- [ABOUT THIS TASK]:
The whole listing below, with no pictures, is to be repeated as it stands.

- [DATA EXCERPT]:
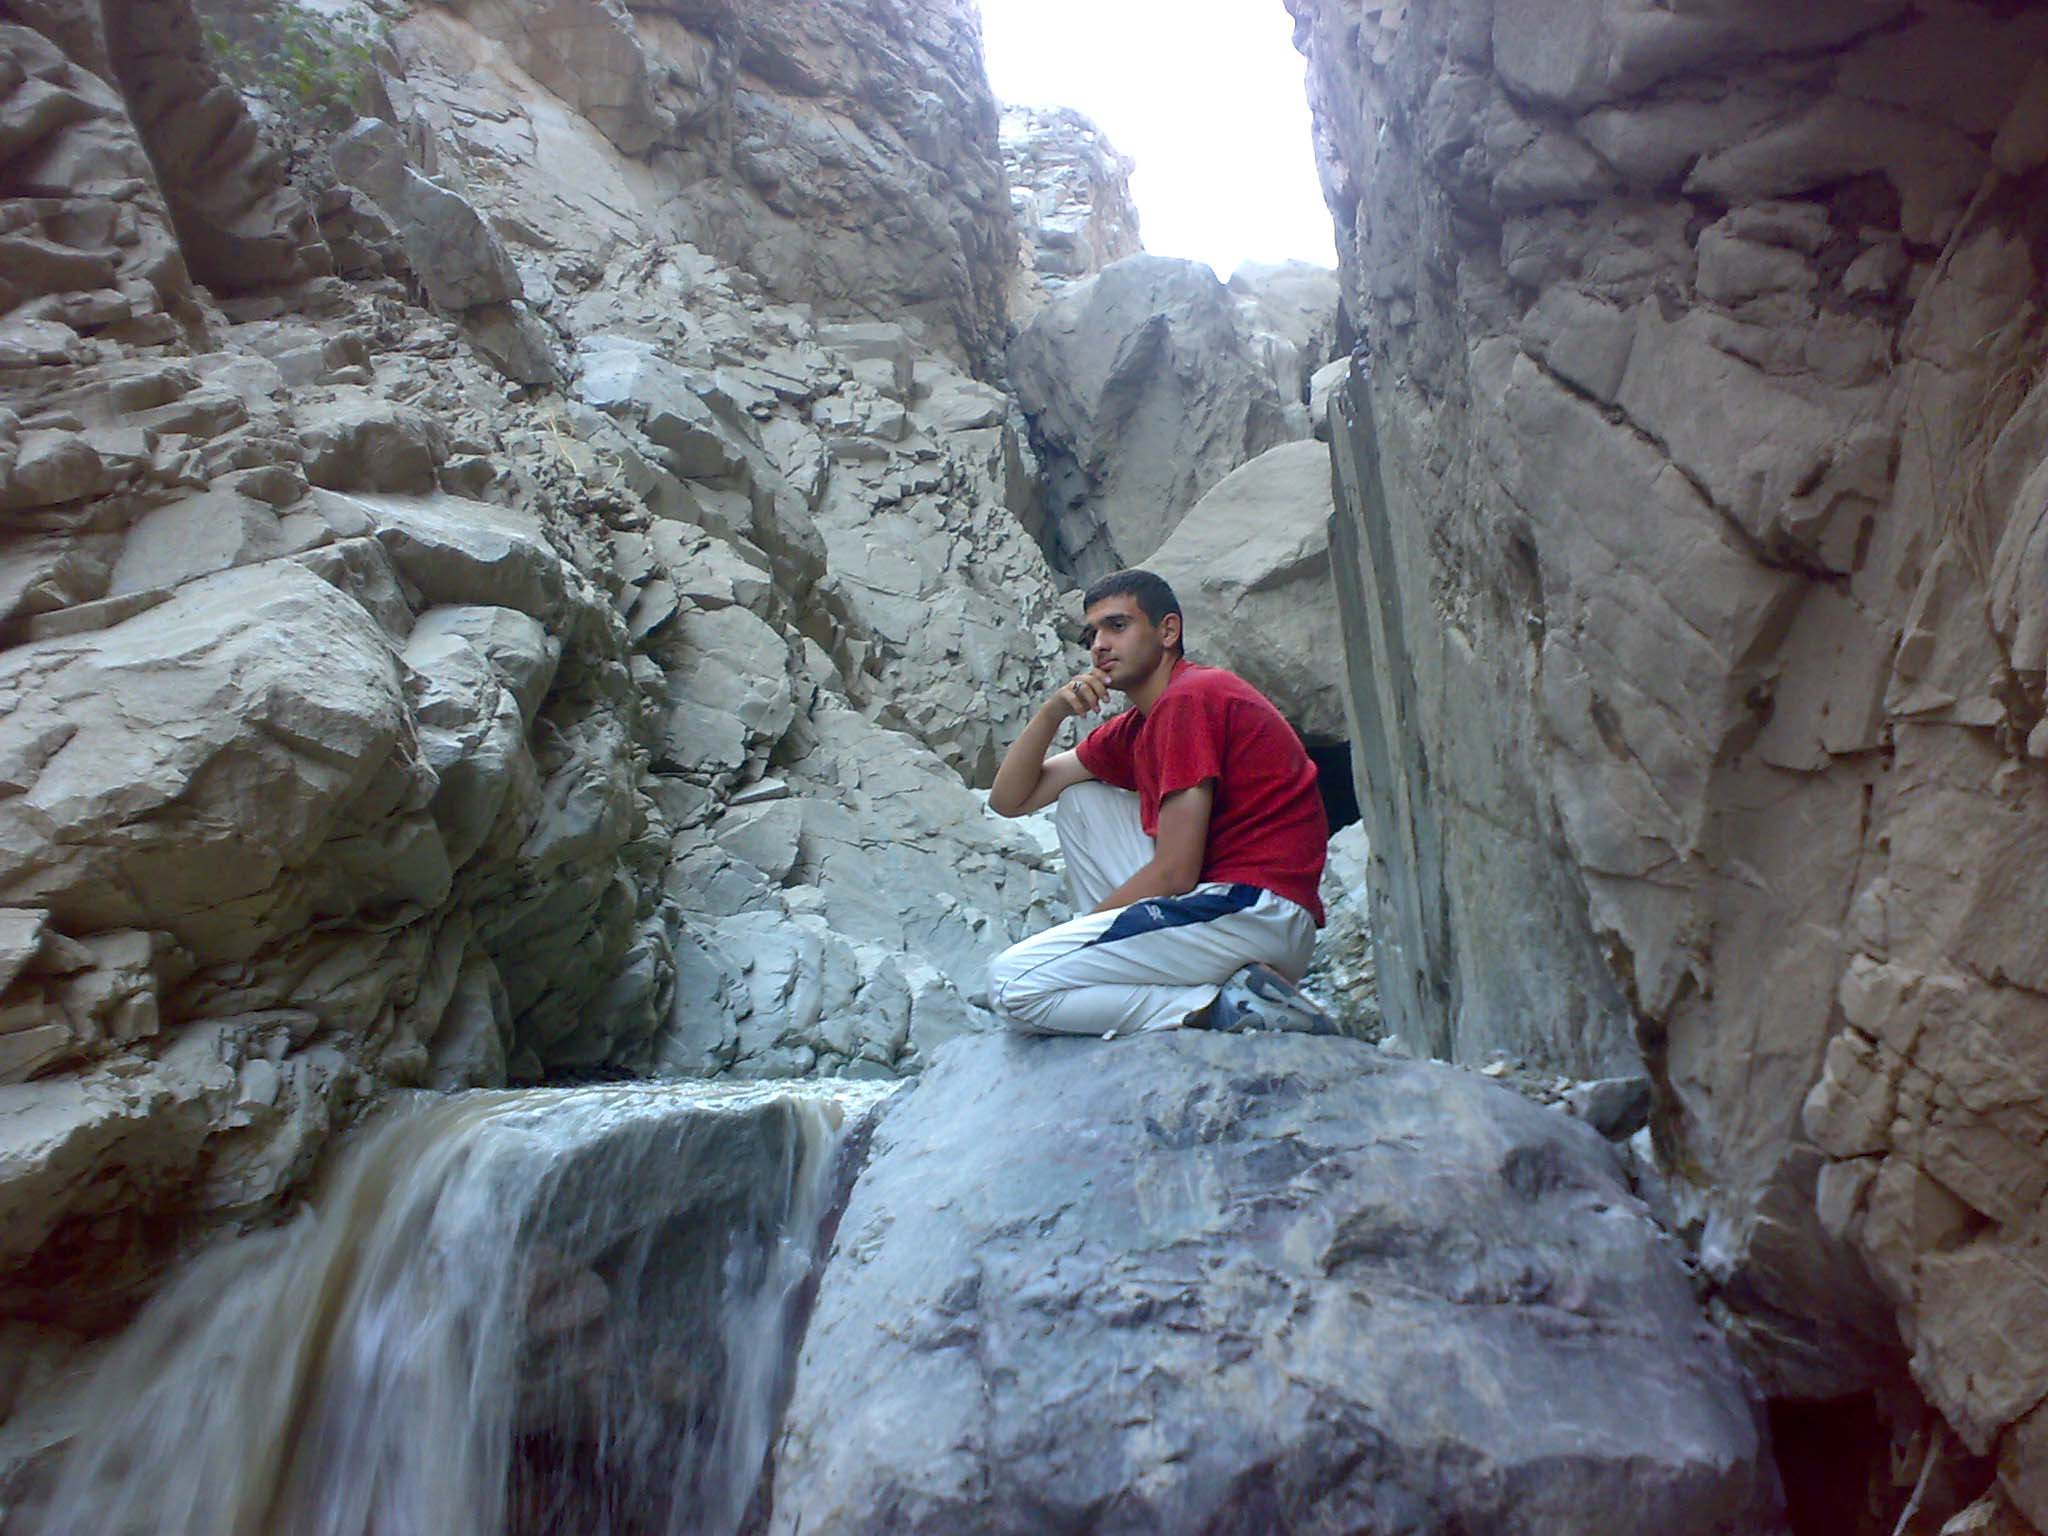 عکسی از شهید دولت آبادی در کوههای اطراف سبزوار(شملق)- شهدای ناجا
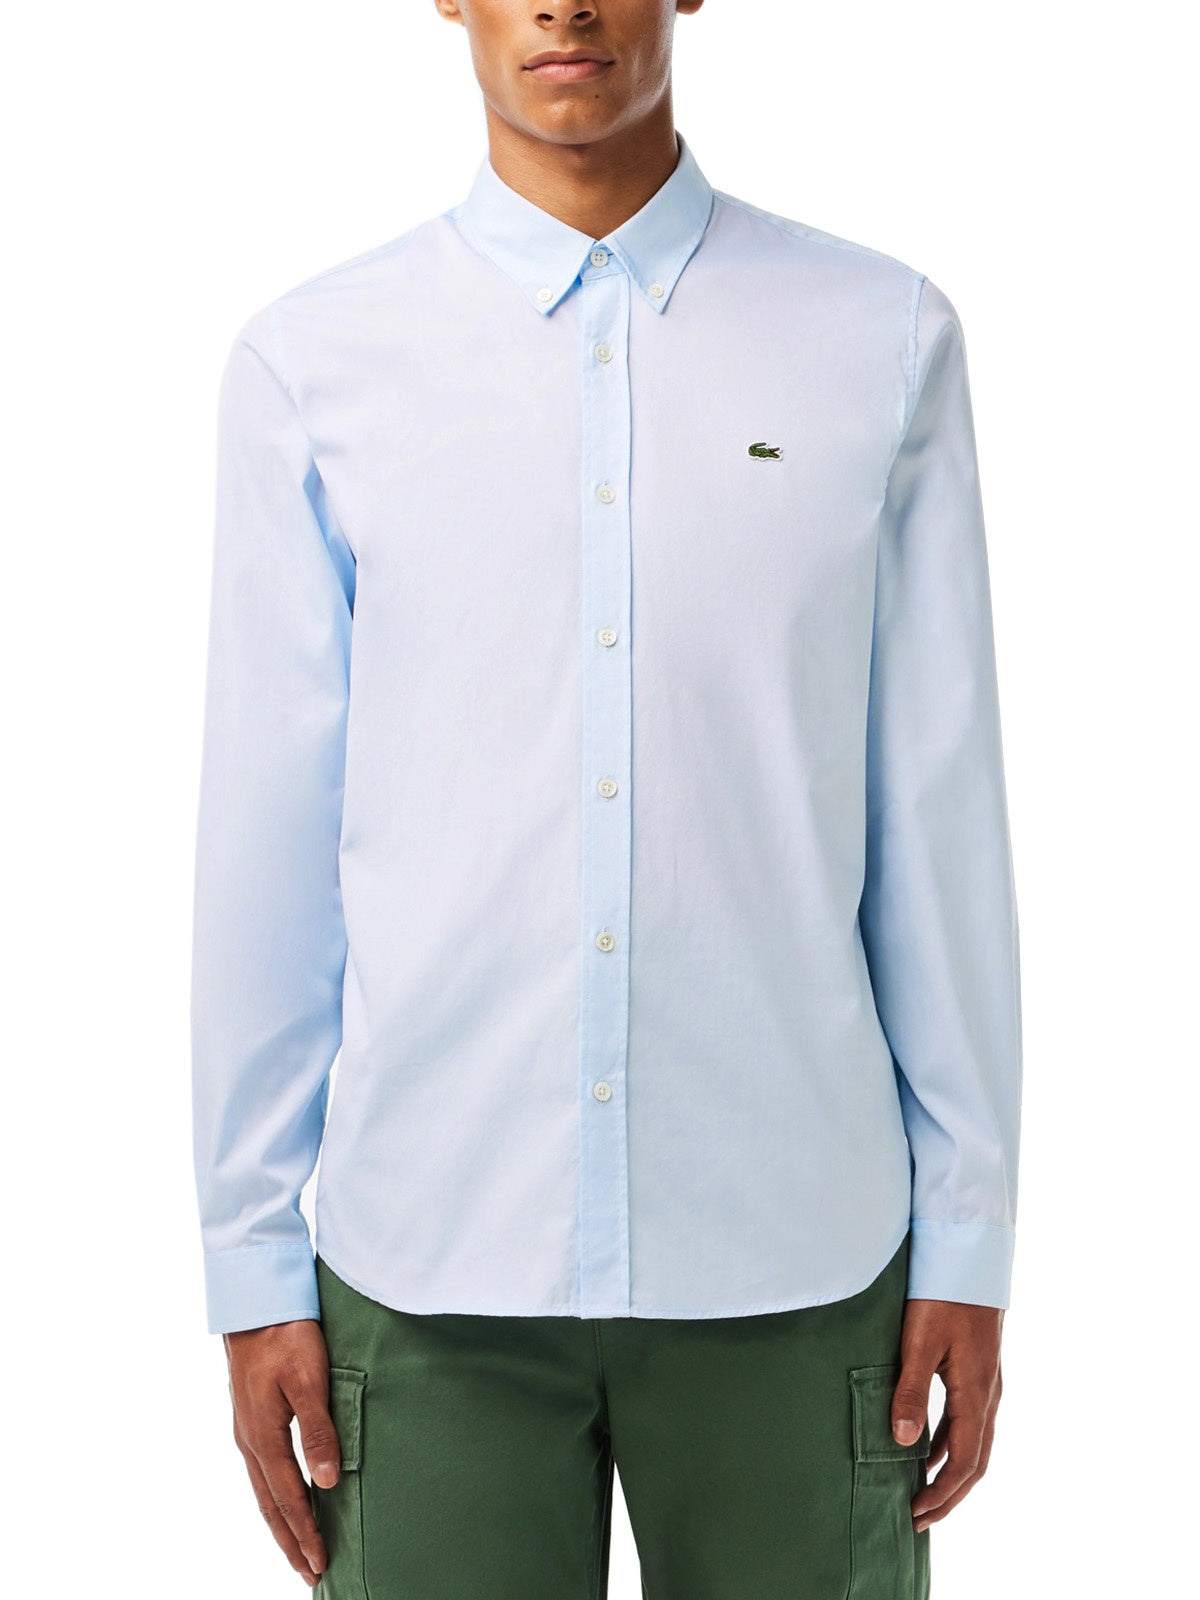 Camicie casual Uomo Lacoste - Camicia In Cotone Di Alta Qualità Slim Fit - Celeste
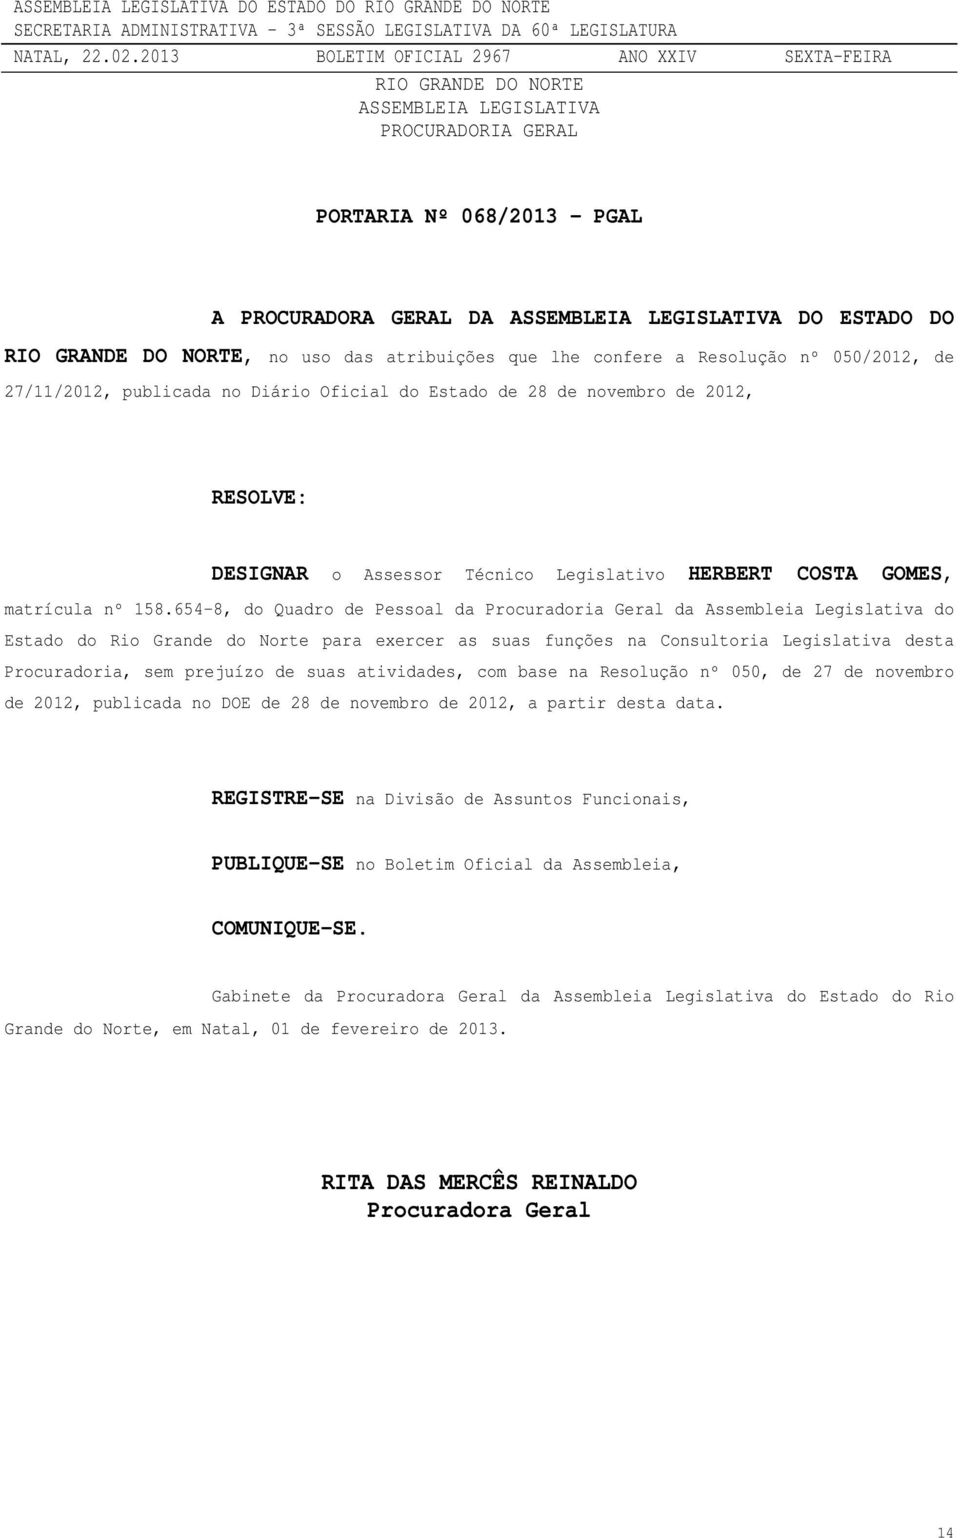 654-8, do Quadro de Pessoal da Procuradoria Geral da Assembleia Legislativa do Estado do Rio Grande do Norte para exercer as suas funções
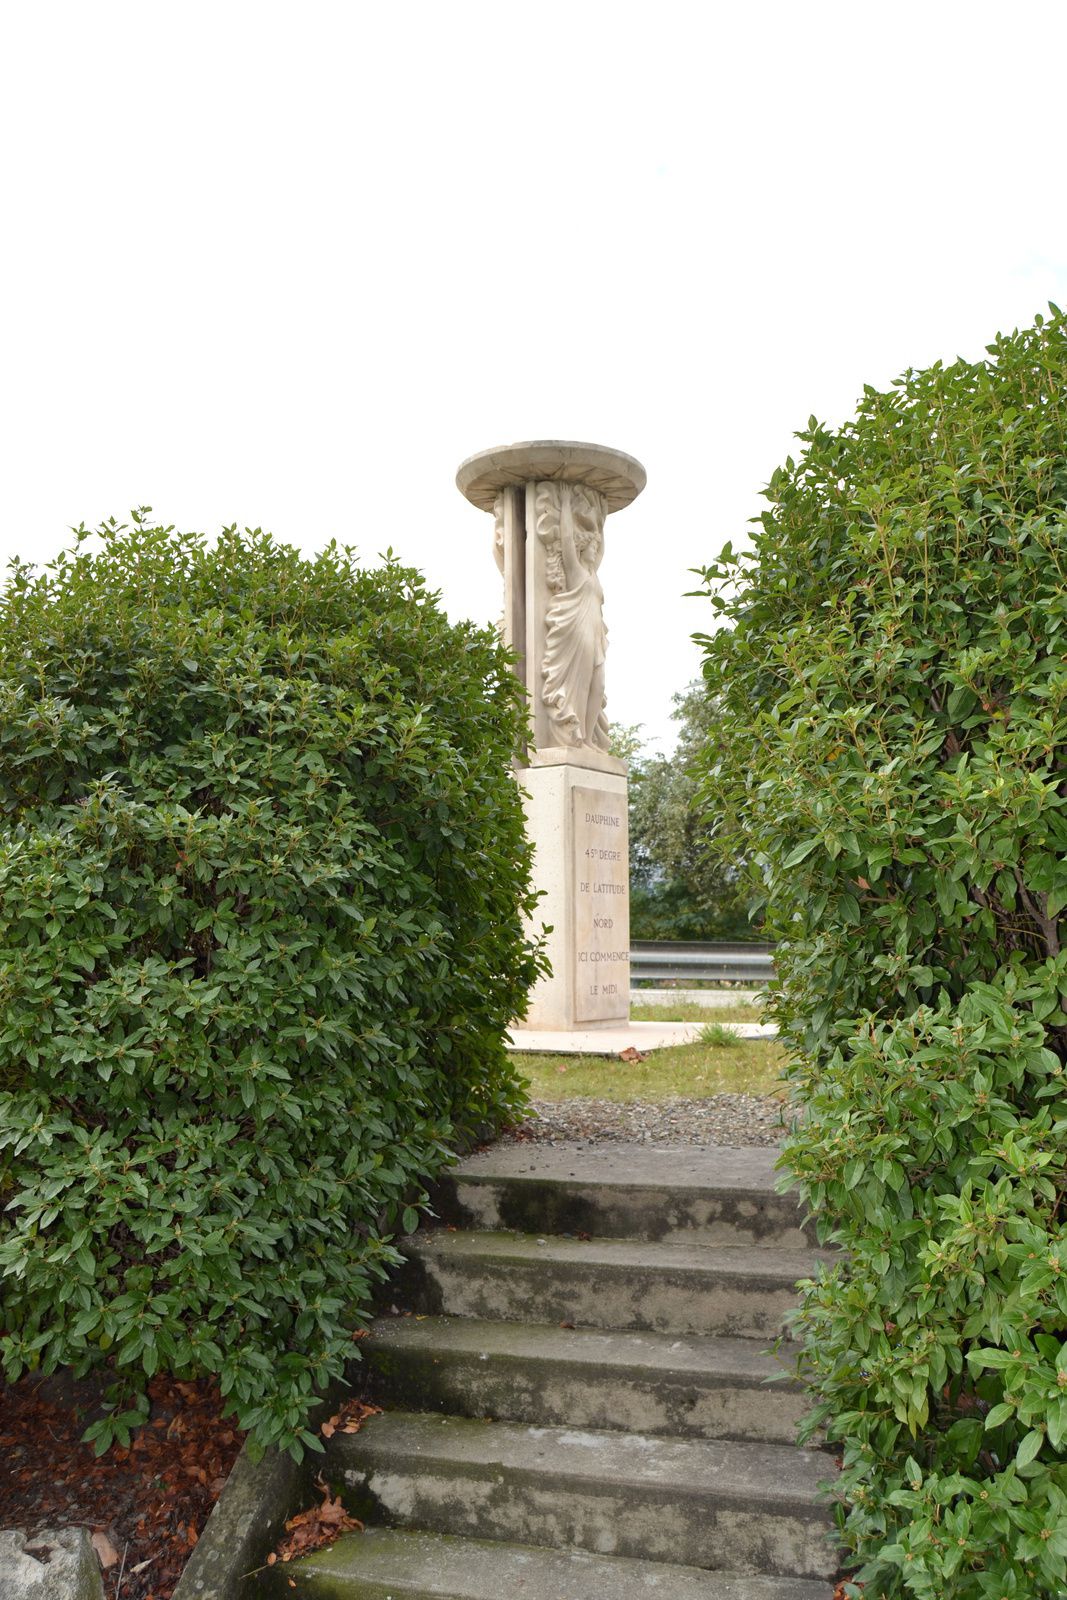 Situé sur la gauche de la route nationale 7, à la sortie du village de Pont-De-L'Isère, juste avant de traverser la rivière "Isère", affluent du Rhône, se trouve le monument qui symbolise le passage d'une ligne imaginaire représentant le 45e parallèle.

- [RESPONSE BOX]:
 عکسی از شهید دولت آبادی در کوههای اطراف سبزوار(شملق)- شهدای ناجا
 Camicie casual Uomo Lacoste - Camicia In Cotone Di Alta Qualità Slim Fit - Celeste
 654-8, do Quadro de Pessoal da Procuradoria Geral da Assembleia Legislativa do Estado do Rio Grande do Norte para exercer as suas funções
 Situé sur la gauche de la route nationale 7, à la sortie du village de Pont-De-L'Isère, juste avant de traverser la rivière "Isère", affluent du Rhône, se trouve le monument qui symbolise le passage d'une ligne imaginaire représentant le 45e parallèle.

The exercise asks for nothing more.